Electronic components 7000 include digital signal processing, software radio, avionics (electronic equipment related to aviation such as communication equipment, navigation systems, automatic control devices, flight management systems, etc.), ASIC prototyping, medical image processing, voice recognition, encryption, etc. It can be applied to electronic components (IC chips) of electronic devices in a wide range of fields such as bioinformatics (biological information science), emulators of mechanical devices, and radio telescopes in radio astronomy. Such electronic devices include cameras (video cameras, digital still cameras, etc.), display devices, personal computers (PCs), mobile phones, game machines including portable devices, portable information terminals (smartphones, tablet information terminals, etc.). ), Electronic book terminals, wearable information terminals (clock type, head mount type, goggles type, glasses type, arm badge type, bracelet type, necklace type, etc.), navigation system, sound reproduction device (car audio, digital audio player, etc.) , Copiers, facsimiles, printers, multifunction printers, automatic cash deposit / payment machines (ATMs), vending machines, household appliances, etc.

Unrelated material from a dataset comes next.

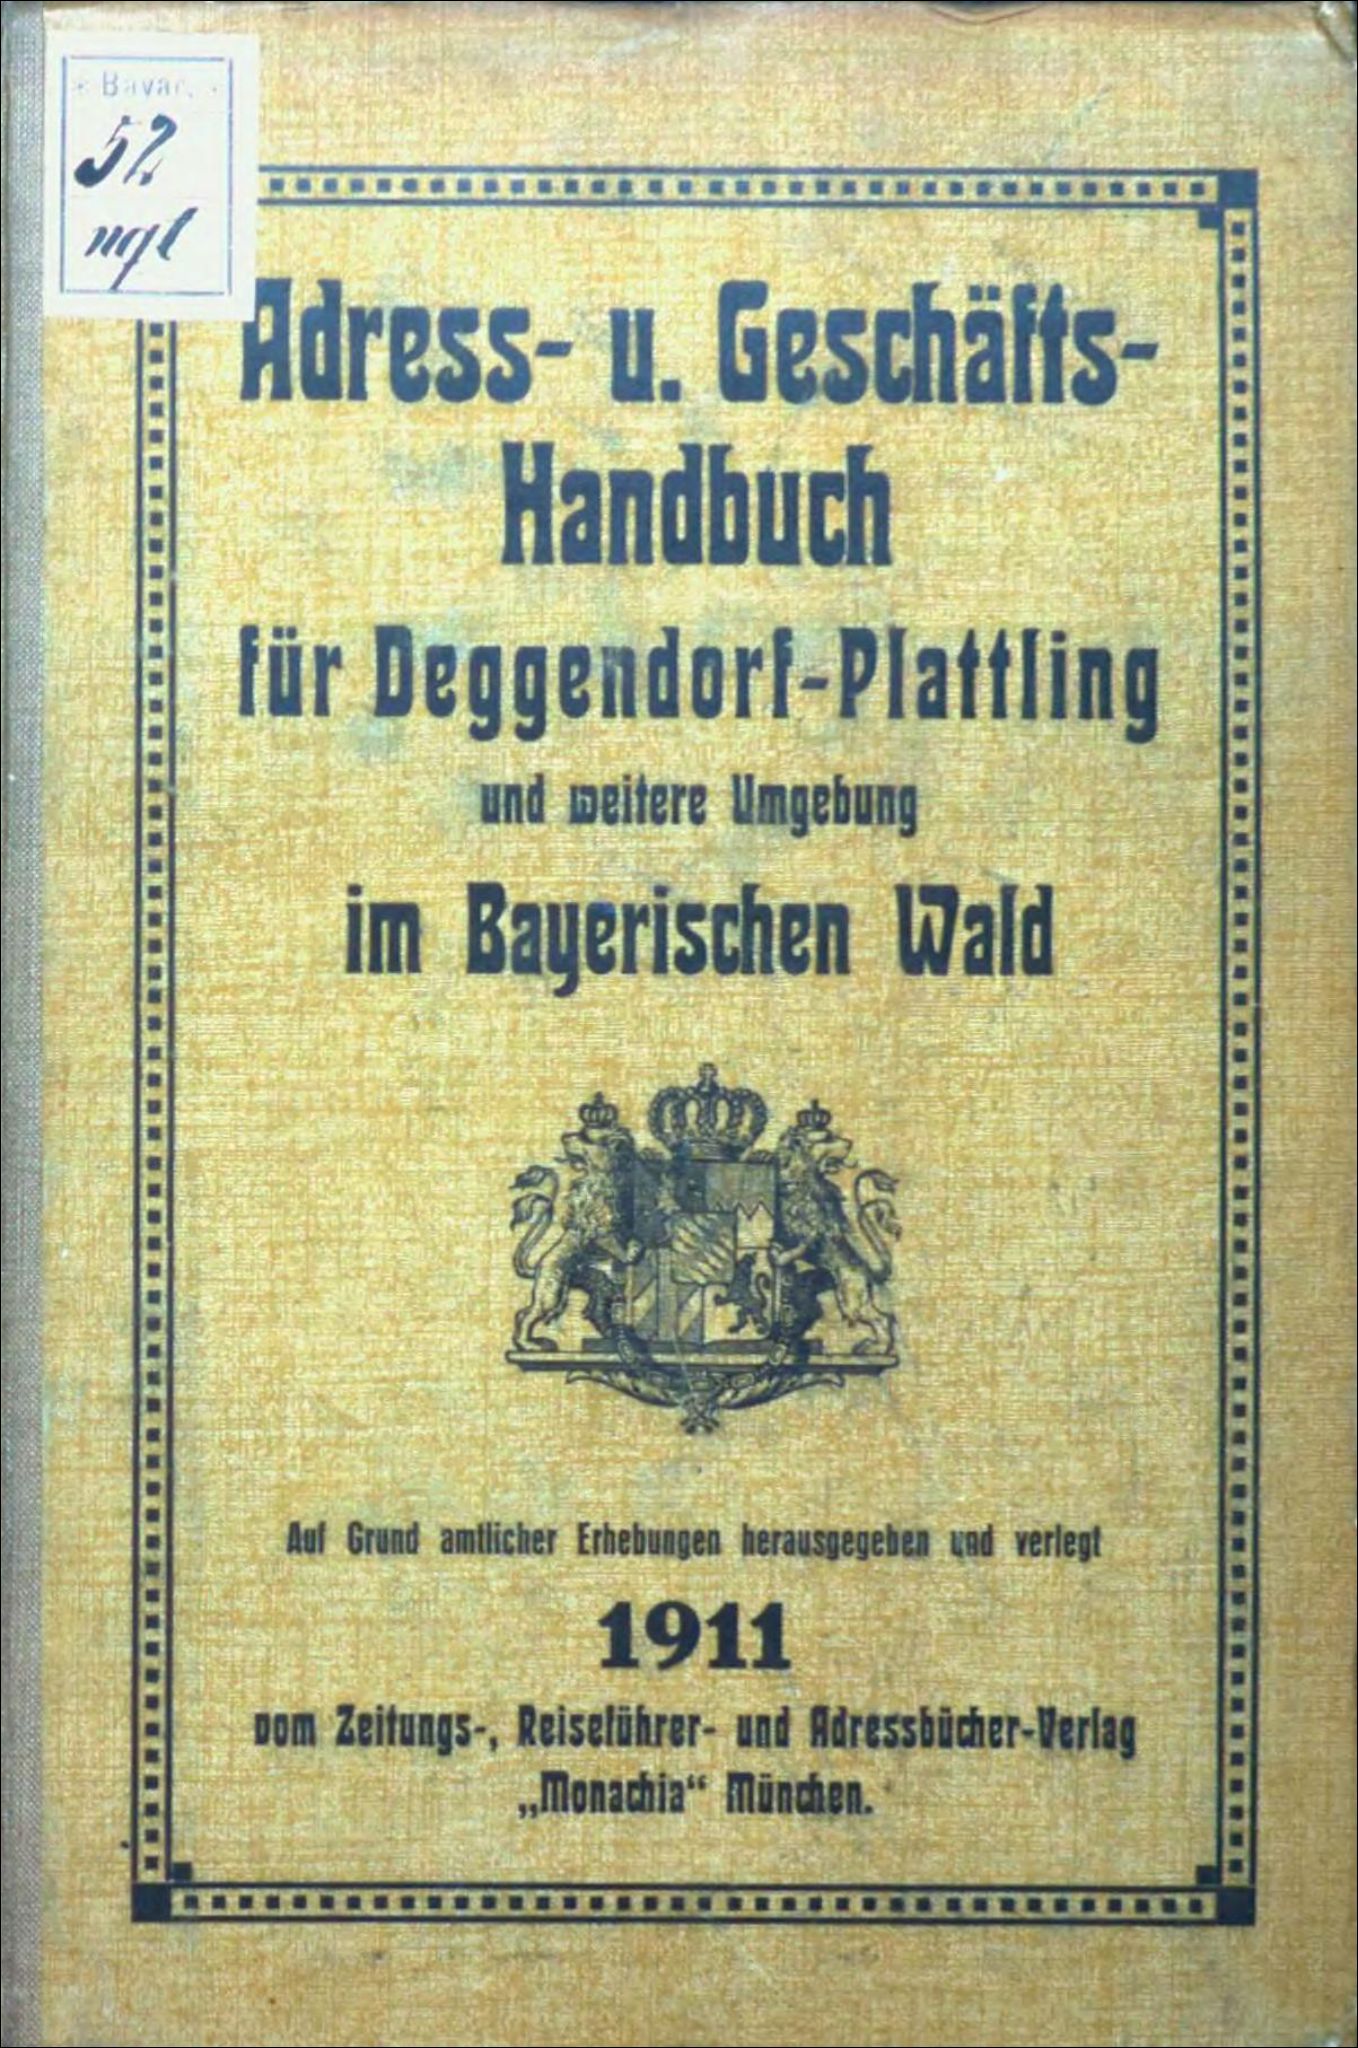 Adress- u. Geschäfts-Handbuch für Deggendorf–Plattling und weitere Umgebung im Bayerischen Wald 1911

<Example of application to electronic devices>
Next, for electronic devices such as computers, mobile information terminals (including mobile phones, portable game machines, sound reproduction devices, etc.), electronic papers, television devices (also referred to as televisions or television receivers), and digital video cameras. , The case where the above-mentioned electronic component is applied will be described.

FIG. 16A is a portable information terminal, which is composed of a housing 901, a housing 902, a first display unit 903a, a second display unit 903b, and the like. At least a part of the housing 901 and the housing 902 is provided with the semiconductor device shown in the previous embodiment.

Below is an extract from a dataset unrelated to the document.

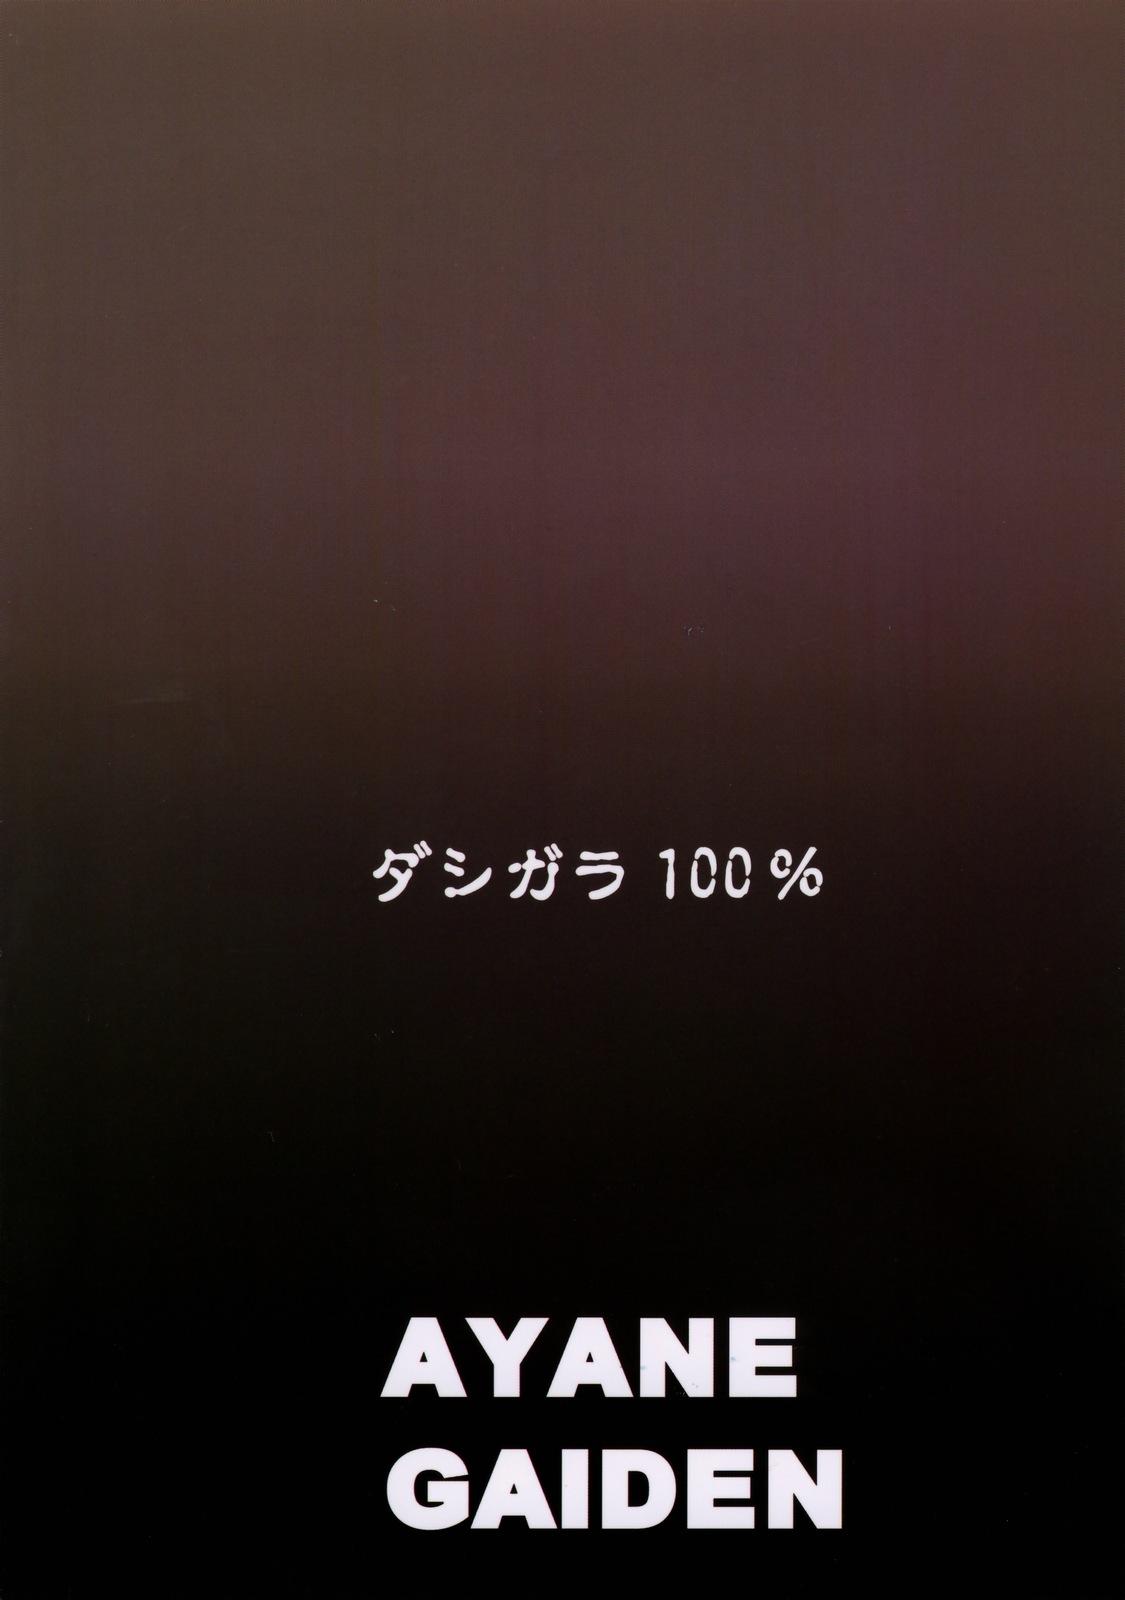 Ayane Gaiden 30

The first display unit 903a is a panel having a touch input function. For example, as shown in the left figure of FIG. 16A, the selection button 904 displayed on the first display unit 903a "touch input". You can select whether to perform "keyboard input". Since the selection button can be displayed in various sizes, people of all ages can experience the ease of use. Here, for example, when "keyboard input" is selected, the keyboard 905 is displayed on the first display unit 903a as shown in the right figure of FIG. 16A. This makes it possible to quickly input characters by key input, as in the case of conventional information terminals.

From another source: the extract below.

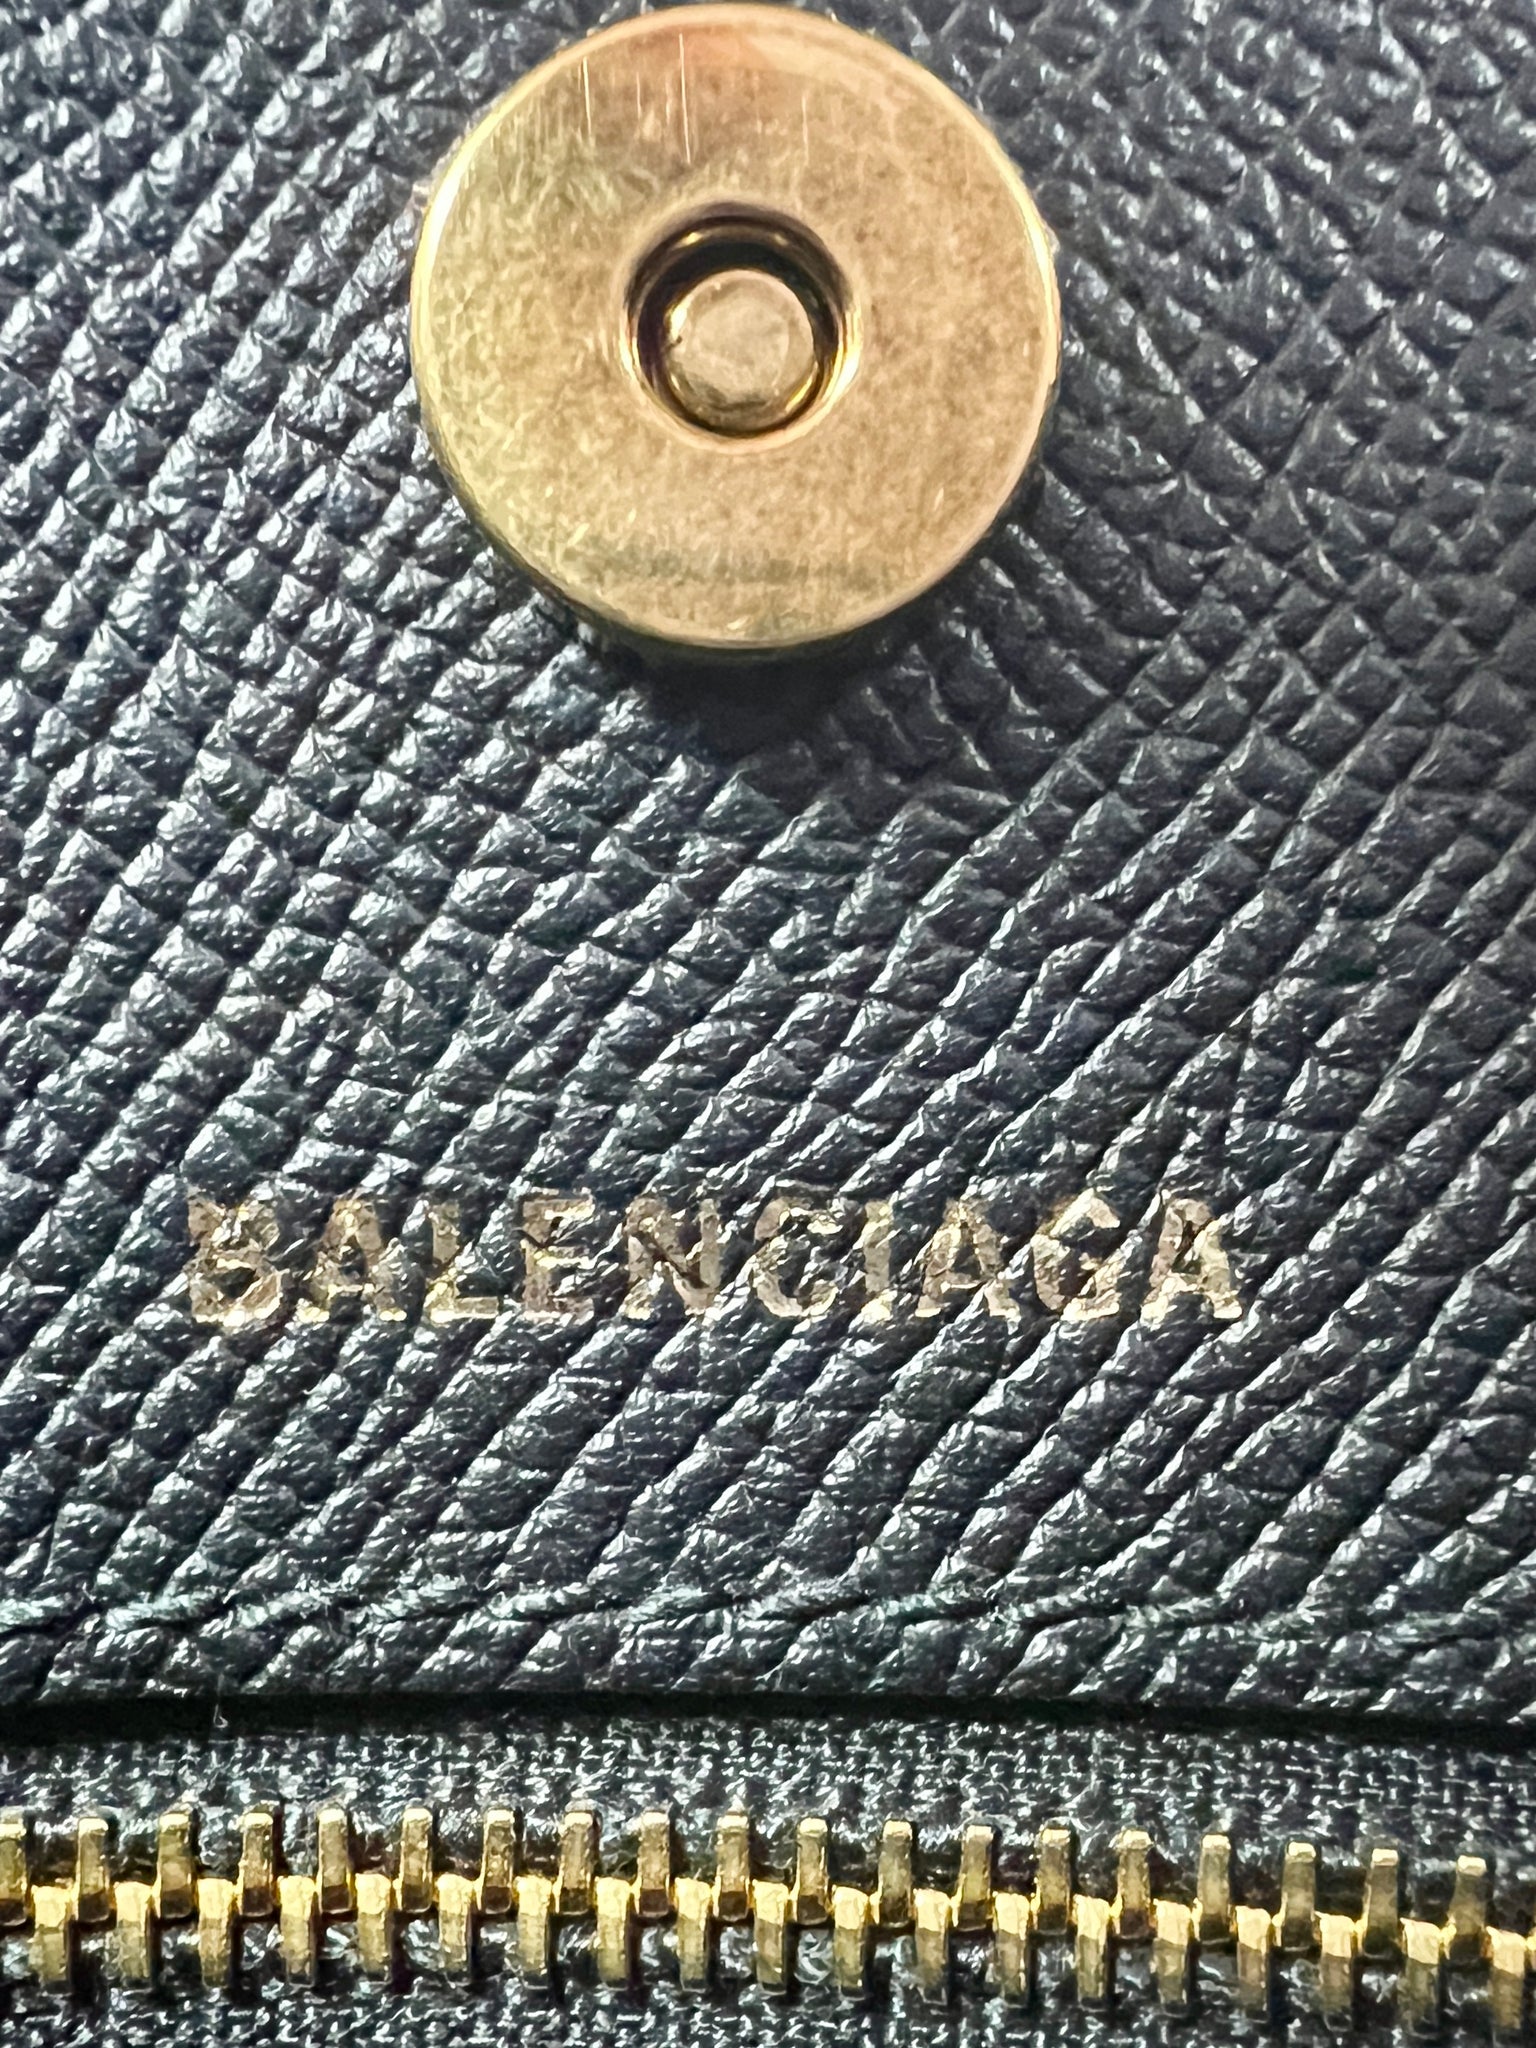 Balenciaga Logo Ville Tote Handbag Leather Bag XXS Black Shoulder Strap

Further, in the portable information terminal shown in FIG. 16A, one of the first display unit 903a and the second display unit 903b can be removed as shown in the right figure of FIG. 16A. .. The second display unit 903b is also a panel having a touch input function, which makes it possible to further reduce the weight when carrying it, and it is convenient because the housing 902 can be held by one hand and operated by the other hand. be.

The portable information terminal shown in FIG. 16A has a function of displaying various information (still images, moving images, text images, etc.), a function of displaying a calendar, a date, a time, etc. on the display unit, and a function of displaying the information on the display unit. It can have a function of manipulating or editing the information, a function of controlling processing by various software (programs), and the like. Further, the back surface or the side surface of the housing may be provided with an external connection terminal (earphone terminal, USB terminal, etc.), a recording medium insertion portion, or the like.

Further, the portable information terminal shown in FIG. 16A may be configured to be able to transmit and receive information wirelessly. It is also possible to purchase and download desired book data or the like from an electronic book server wirelessly.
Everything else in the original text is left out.